Reference Signs List 10 laser diode 20 phosphor 30 main reflector 40 aspheric lens 50 beam lens 60 housing 70 beam reflector

Claims (9)

A laser diode that generates a laser beam,
A phosphor that outputs white light in response to the laser beam;
A main reflector that reflects white light output from the phosphor in the forward direction;
An aspheric lens for emitting white light reflected by the main reflector forwardly;
And a beam lens in direct contact with the front surface of the phosphor to collect a laser beam incident on the phosphor and reduce an emission angle of white light output from the phosphor.
The phosphor and the beam lens are located in the inner space of the main reflector,
In the laser diode, the center of the laser diode is perpendicular to the incident surface of the phosphor and coincides with a reference line penetrating the center of the phosphor, and the laser beam is in a direction substantially perpendicular to the front direction Laser light for headlamps, wherein the white light incident on the phosphor and emitted from the phosphor is emitted to the inner side surface of the main reflector. system.   The laser optical system for a headlamp according to claim 1, wherein a diameter of the beam lens is larger than a diameter of a laser beam incident on a lens surface of the beam lens and smaller than the diameter of the main reflector. . The laser optical system for a headlamp according to claim 1, wherein the laser diode is located in an external space of the main reflector.   The laser optical system for a headlamp according to claim 1, wherein the beam lens is an aspheric lens or a convex lens. A laser diode that generates a laser beam,
A phosphor that outputs white light in response to the laser beam;
A main reflector that reflects white light output from the phosphor in the forward direction;
An aspheric lens for emitting white light reflected by the main reflector forwardly;
A beam lens that is in direct contact with the front surface of the phosphor, condenses a laser beam incident on the phosphor, and reduces the emission angle of white light output from the phosphor;
And a beam reflector for reflecting the laser beam output from the laser diode to the beam lens.

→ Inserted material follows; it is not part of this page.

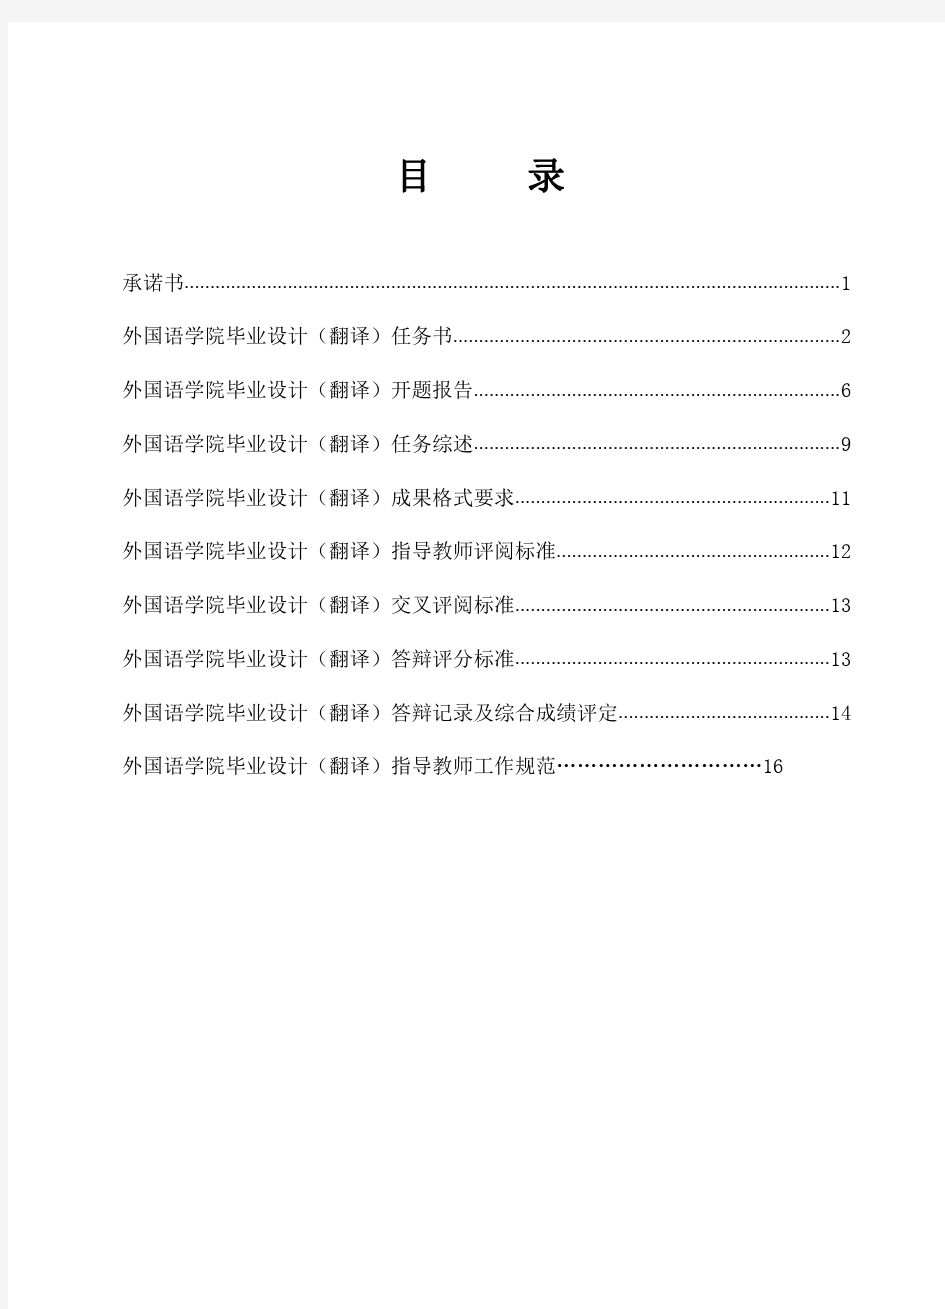 重庆交通大学毕业设计(翻译)工作手册
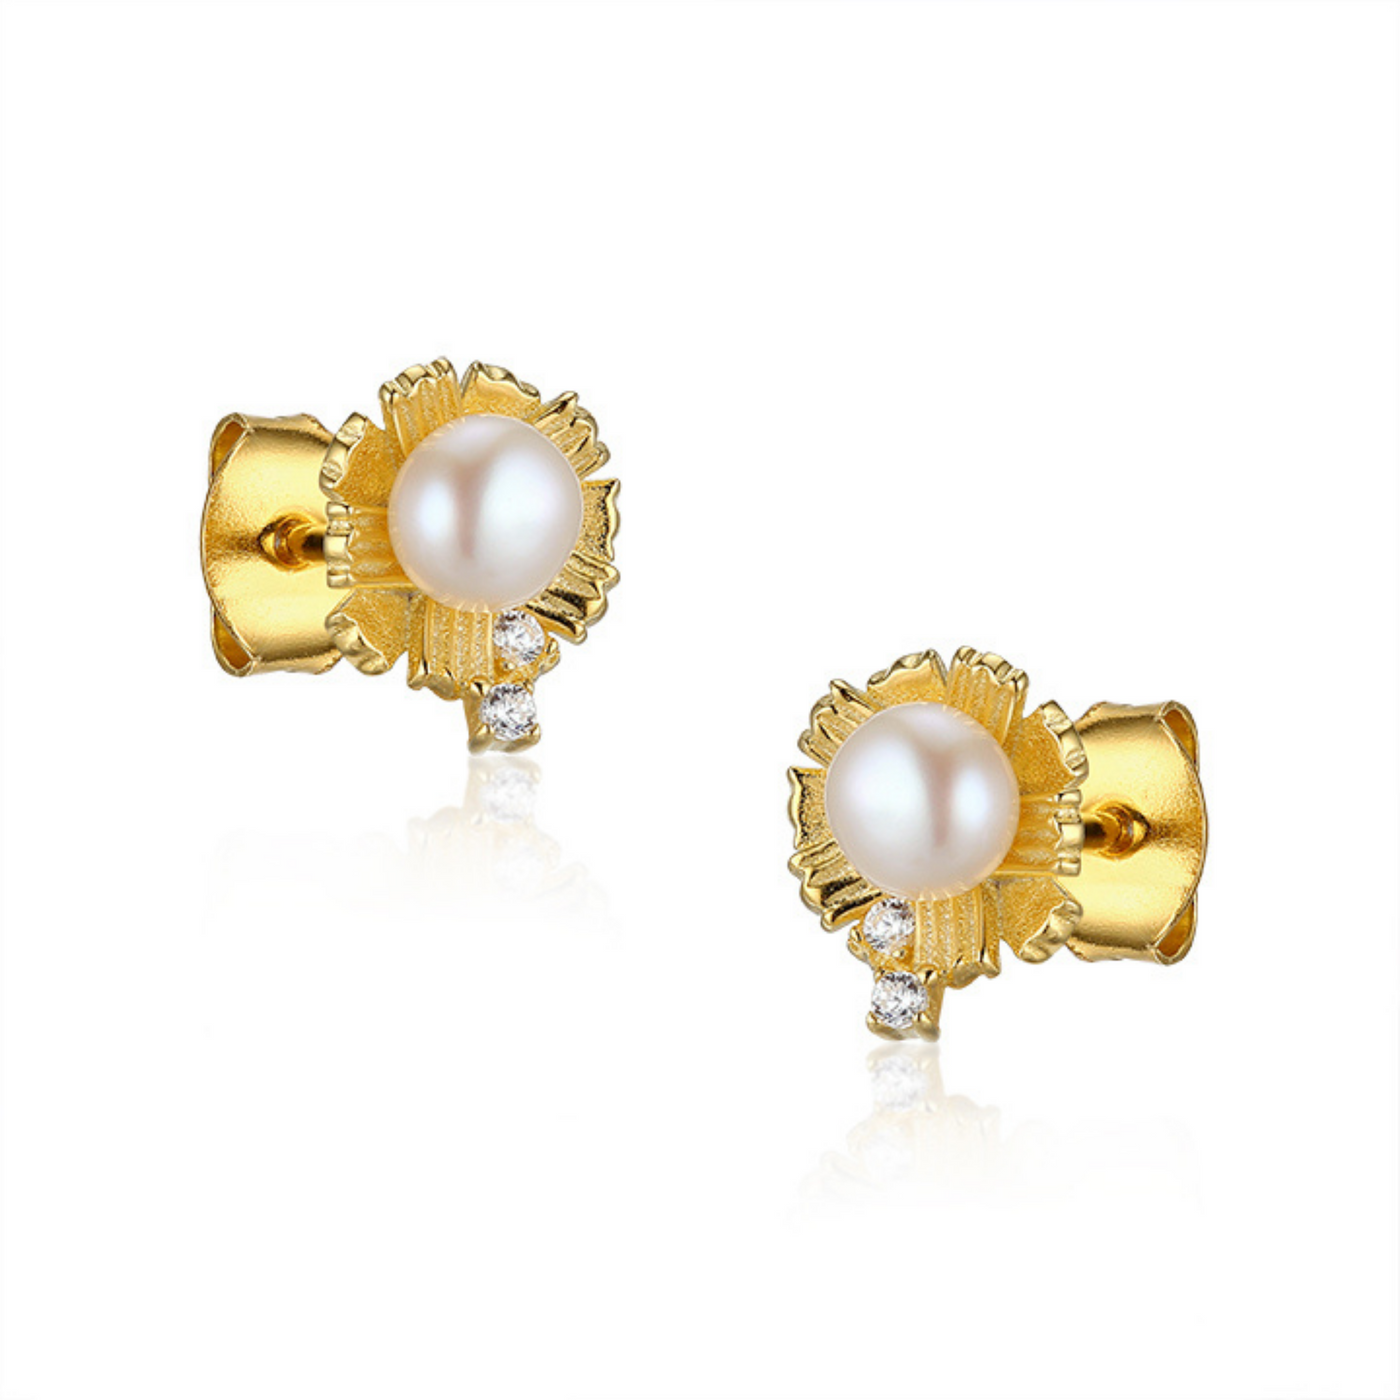 Edna Gold Earrings

The phosphor and the beam lens are located in the inner space of the main reflector,
The path of the laser beam reflected by the beam reflector is coincident with a reference line perpendicular to the plane of incidence of the phosphor and penetrating the center of the phosphor,
The path of the laser beam reflected by the beam reflector causes the laser beam to be incident on the phosphor in a direction substantially perpendicular to the front direction, and the white light output from the phosphor is the main reflection Laser optics for headlamps, characterized in that they are arranged to be emitted towards the inner side of the body.   6. The laser optical system for a headlamp according to claim 5, wherein the diameter of the beam lens is larger than the diameter of the laser beam incident on the lens surface of the beam lens and smaller than the diameter of the main reflector. . 6. The laser optical system for a headlamp according to claim 5, wherein the laser diode and the beam reflector are located in the space outside the main reflector.   The headlamp laser optical system according to claim 5, wherein the beam lens is an aspheric lens or a convex lens.   The laser optical system for a headlamp according to claim 5, wherein the beam reflector is a mirror.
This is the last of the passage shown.